Reputation: 4750
I have a text file like below.
1 1223 abc
2 4234 weroi
0 3234 omsder
1 1111 abc
2 6666 weroi
I want to have unique values for the column 3. So I want to have the below file.
1 1223 abc
2 4234 weroi
0 3234 omsder
Can I do this using some basic commands in Linux? without using Java or something.
Upvotes: 0
Views: 121
Reputation: 5062
You could do this with some awk
scripting. Here is a piece of code I came up with to address your problem :
awk 'BEGIN {col=3; sep=" "; forbidden=sep} {if (match(forbidden, sep $col sep) == 0) {forbidden=forbidden $col sep; print $0}}' input.file
The BEGIN
keyword declares the forbidden
string, which is used to monitor the 3rd column values. Then, the match
keyword check if the 3rd column of the current line contains any forbidden
value. If not, it adds the content of the column to the forbidden
list and print the whole line.
Here, sep=" "
instantiate the separator.
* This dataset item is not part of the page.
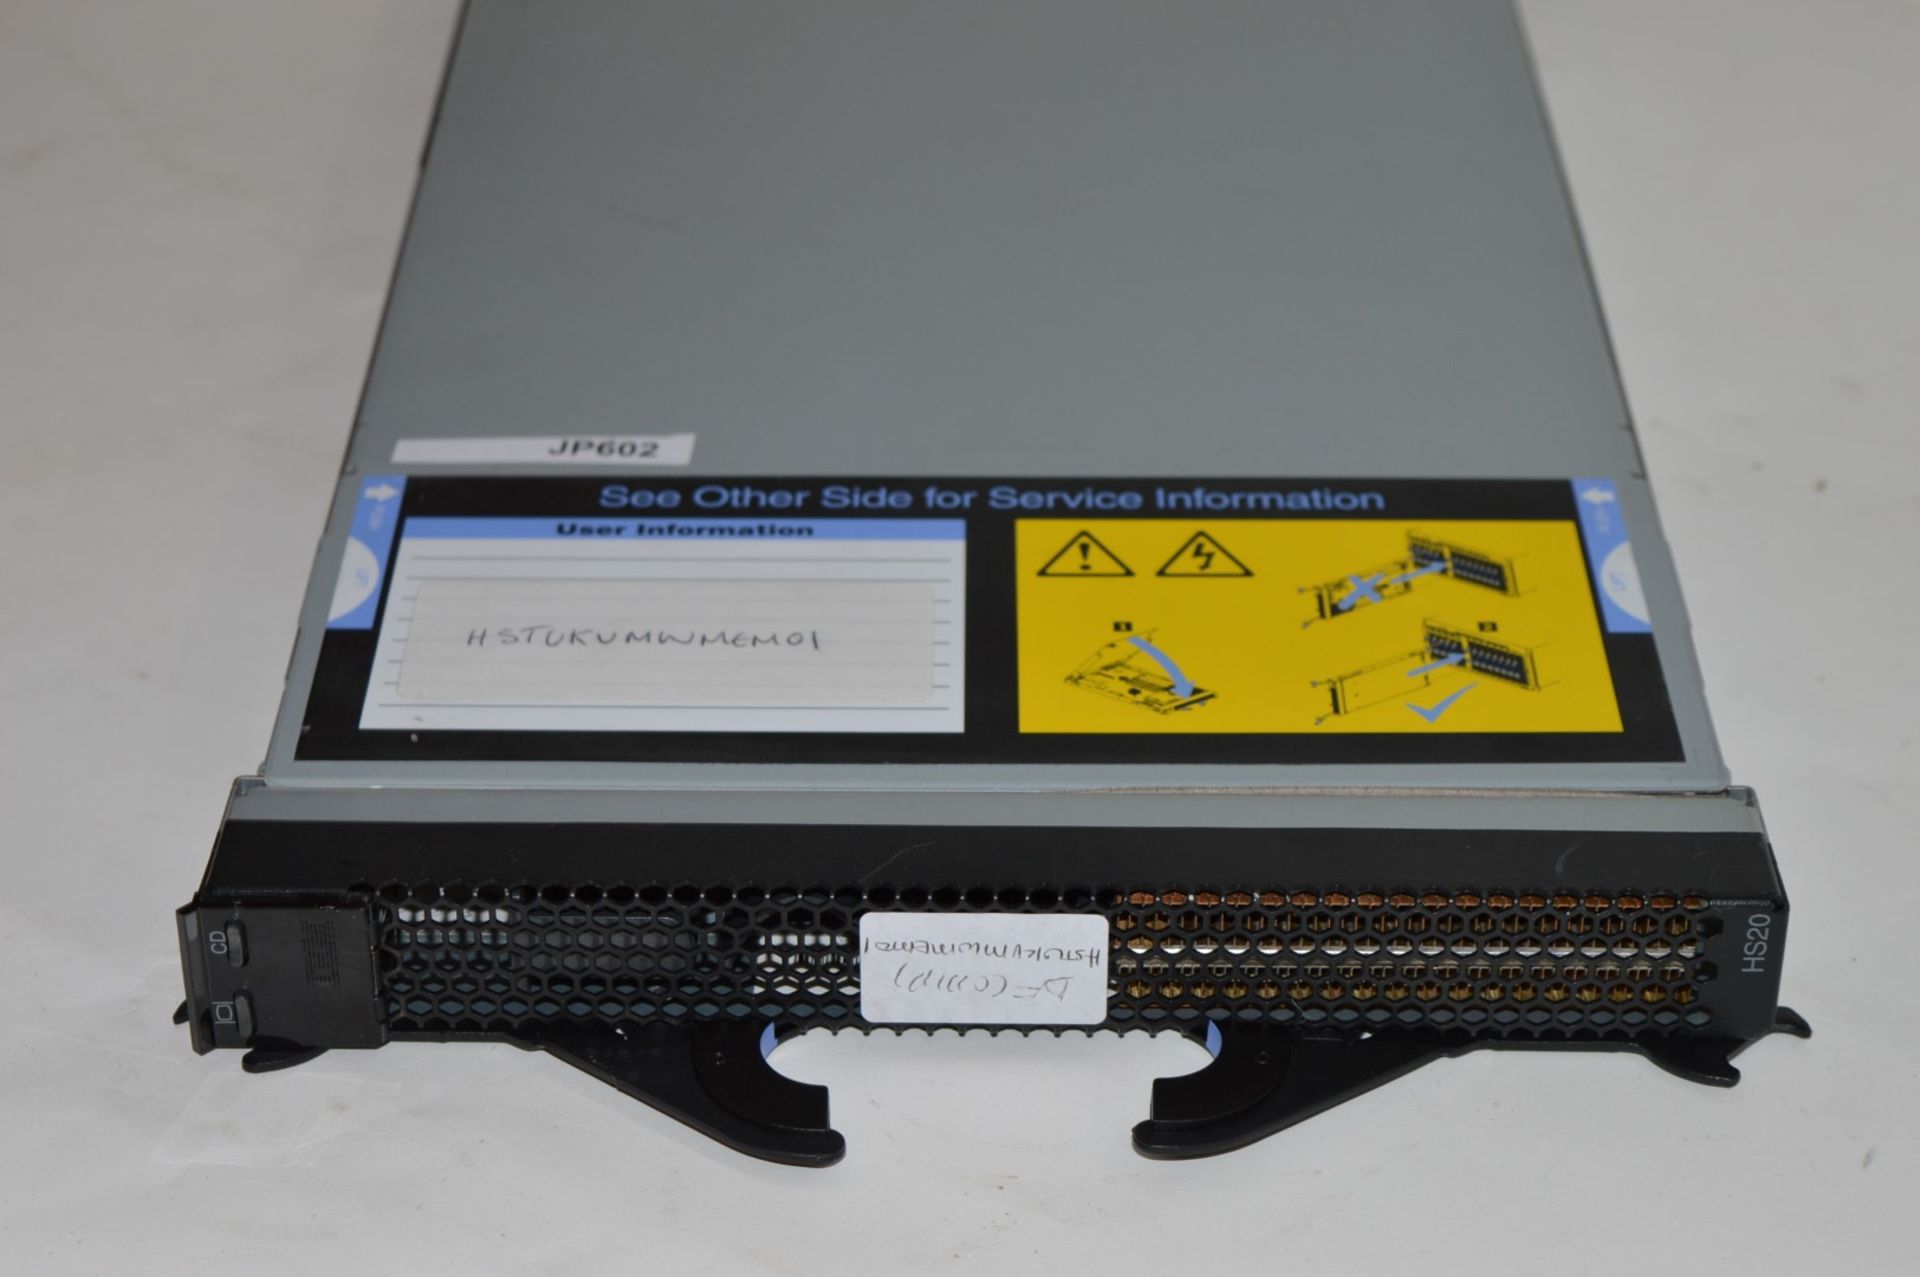 1 x IBM HS20 Blade Server - Model 35G - Includes 1 x Xeon Processors and 3gb Ram - CL400 - Ref JP607 - Image 4 of 4

We use sep
between each forbidden
value in order to avoid words created by putting several values next to one another. For instance :
1 1111 ta
2 2222 to
3 3333 t
4 4444 tato
In this case, without a separator, t
and tato
would be considered a forbidden
value. We use " " as a separator as it is used by default to separate each column, thus a column cannot include a space in its name.
Note that if you want to change the number of the column in which you need to remove duplicate, just adapt col=3
with the number of the column you need (0 for the whole line, 1 for the first column, 2 for the second, ...)
Upvotes: 1